More background and discussions can be found: https://delvingbitcoin.org/t/chain-code-delegation-private-access-control-for-bitcoin-keys/1837.

This is joint work with @jesseposner. Feedback appreciated!

[jonatack]

Looks complete, labelling as needing number assignment.

[jurvis]

@arminsabouri @jonatack thank you for taking the time to review! I've gone ahead and addressed your comments in
9a47c29

[jonatack]

Assigned 89.

Please update the file names and BIP draft headers, including "Created: 2025-12-03" for the date of assignment, and add an entry to the README.

[jurvis]

thanks @jonatack! i think i got everything!

[jonatack]

Thanks for updating.

Final verdict: 95 % LLM-generated or LLM-heavy, with ~5 % human origination of the core idea and final review.

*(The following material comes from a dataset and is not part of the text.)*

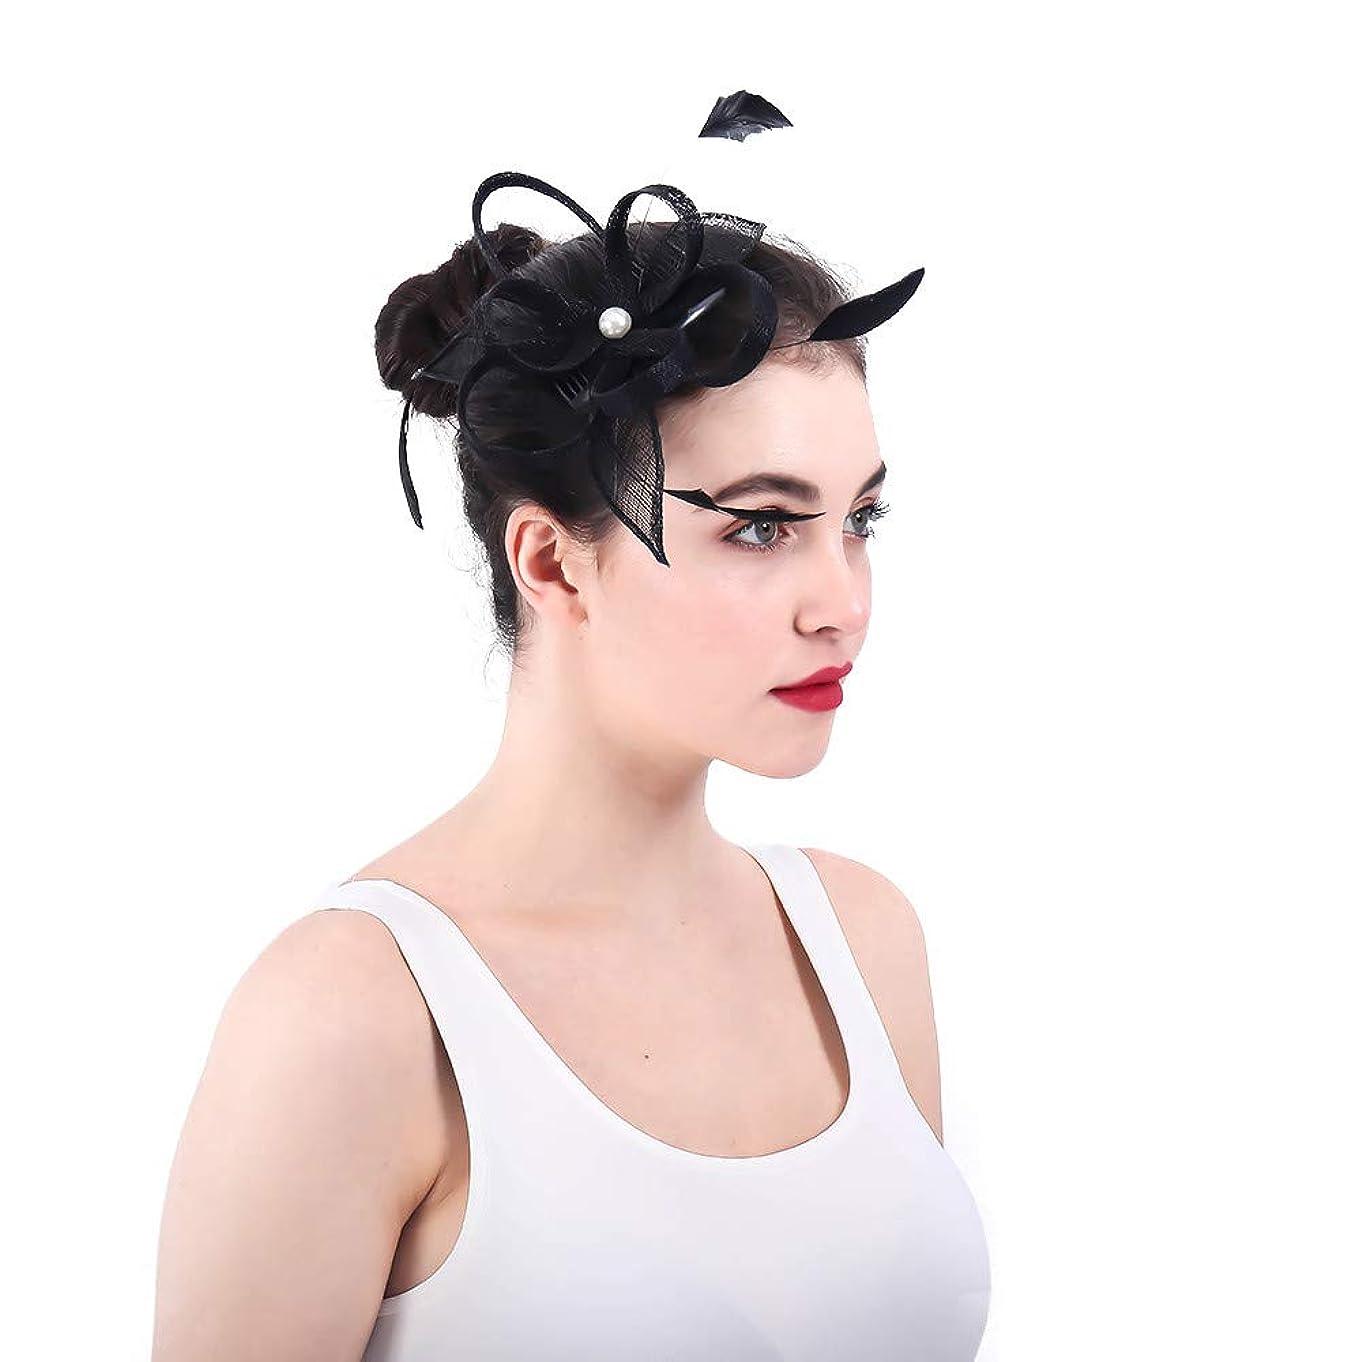 迷惑性差別称賛女性の魅力的な帽子 女性の結婚式の髪の魅惑的な羽のSinamayのヘアピンヘッドドレスの花ロイヤルアスコットカクテルティーパーティー (色 : ブラック)
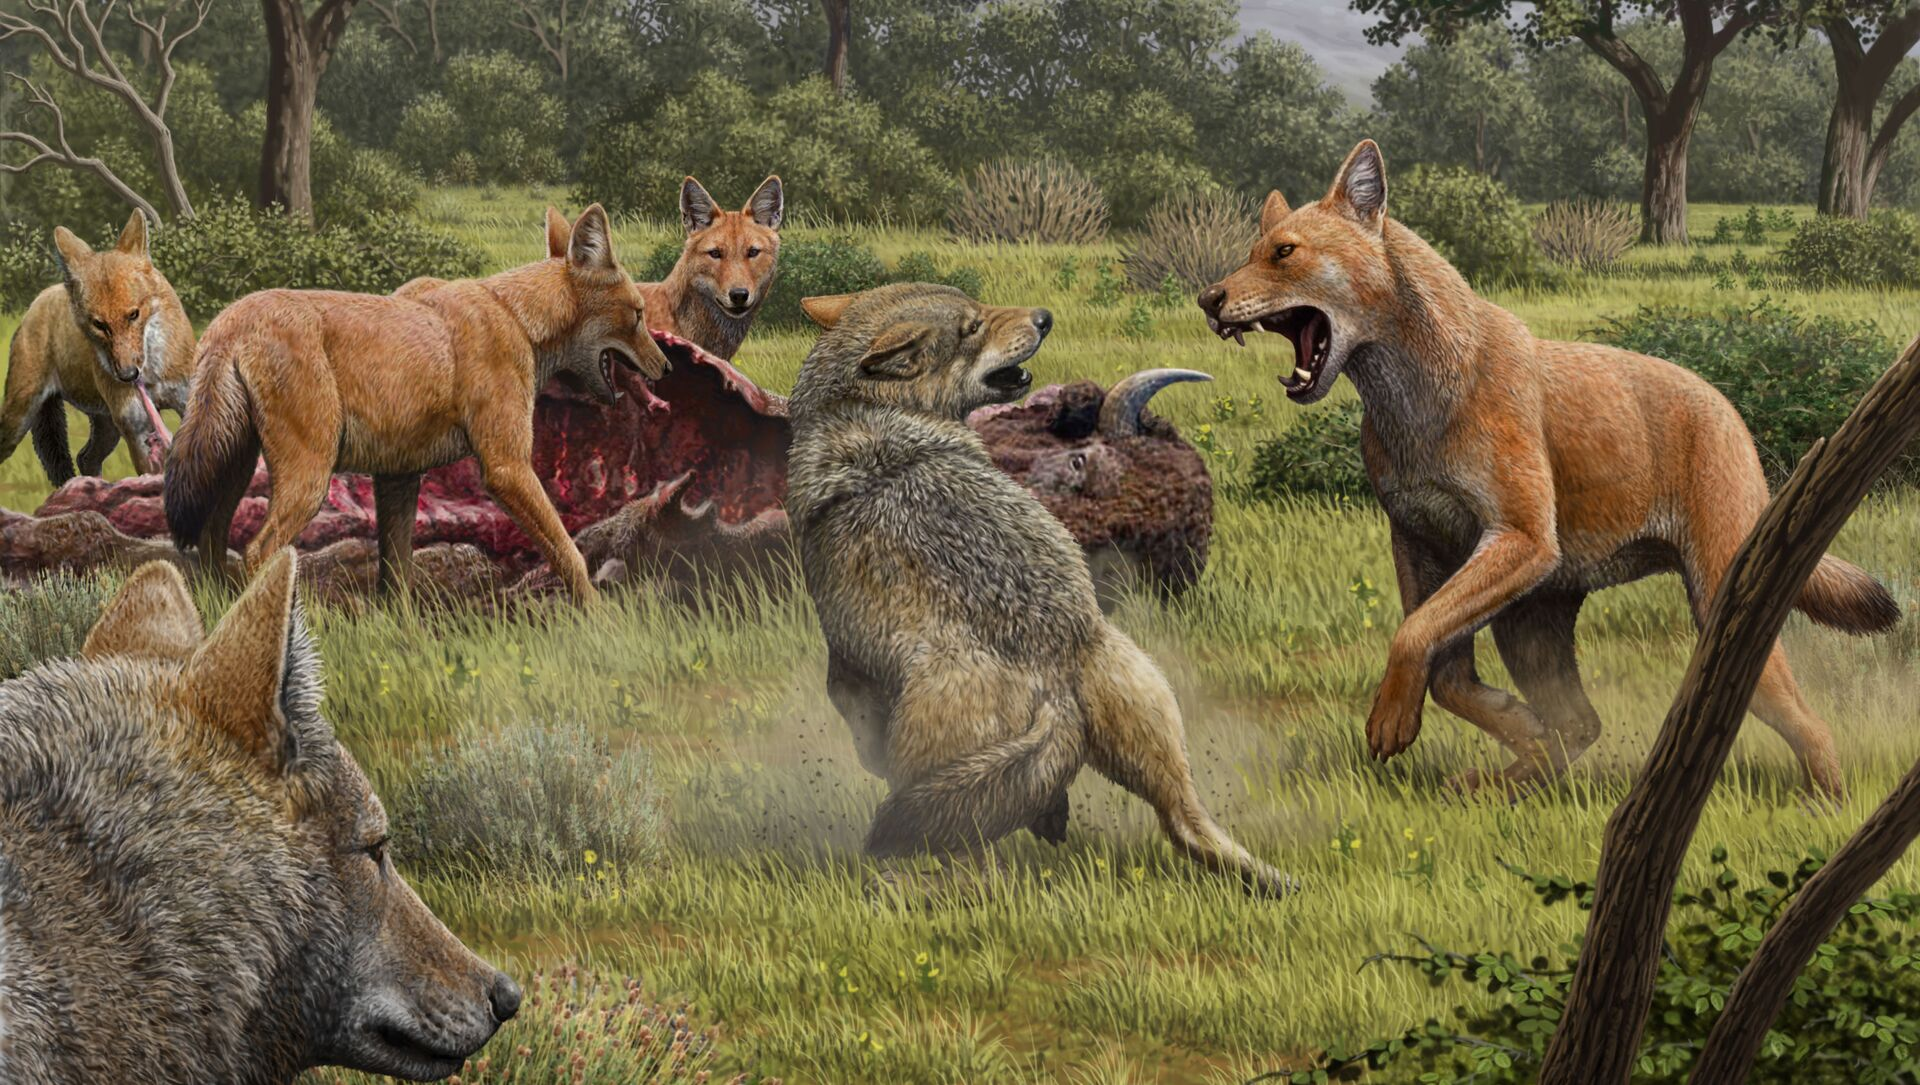 Una manada de lobos terribles (Canis dirus) se alimenta mientras que unos lobos grises se acercan para compartir la comida - Sputnik Mundo, 1920, 15.01.2021

@jurvis can you help me out, please: Is this accurate? I'm trying to adapt our process and understanding.

[jurvis]

hi @jonatack, happy to help. does the scan run through the sample code as well? the sample code contains a lot of boilerplate that we leveraged LLMs to help us with, and may be the reason why it registers high.

However, the contents of the mediawiki itself should be ~90% original. We leaned on LLM use in the mediawiki mostly to ensure that our formatting was aligned with existing conventions (heavily referencing BIP 340, BIP 352, BIP 32, and BIP 3), and to convert it from Markdown, which we had originally used to write our draft.

For example, we wrote out our original one of the algorithms in the following format originally:

Signing
======
When the counterparty requests that the collaborative custodian sign a transaction, it derives the BIP32 scalar tweak from the xpub (i.e. the value `parse_256(I_L)` from BIP32) and provides it to the custodian:

# Inputs:
#   chain_code : 32-byte chain code (hidden from custodian)
#   P_par      : custodian’s parent public key (compressed)
#   i          : child index for spending

I   = HMAC-SHA512(key = chain_code,
                 data = serP(P_par) || ser32(i))
I_L = I[0:32]            # left half
t_i = parse256(I_L)      # scalar tweak mod n
# (I_R would be the child chain code—discarded here.)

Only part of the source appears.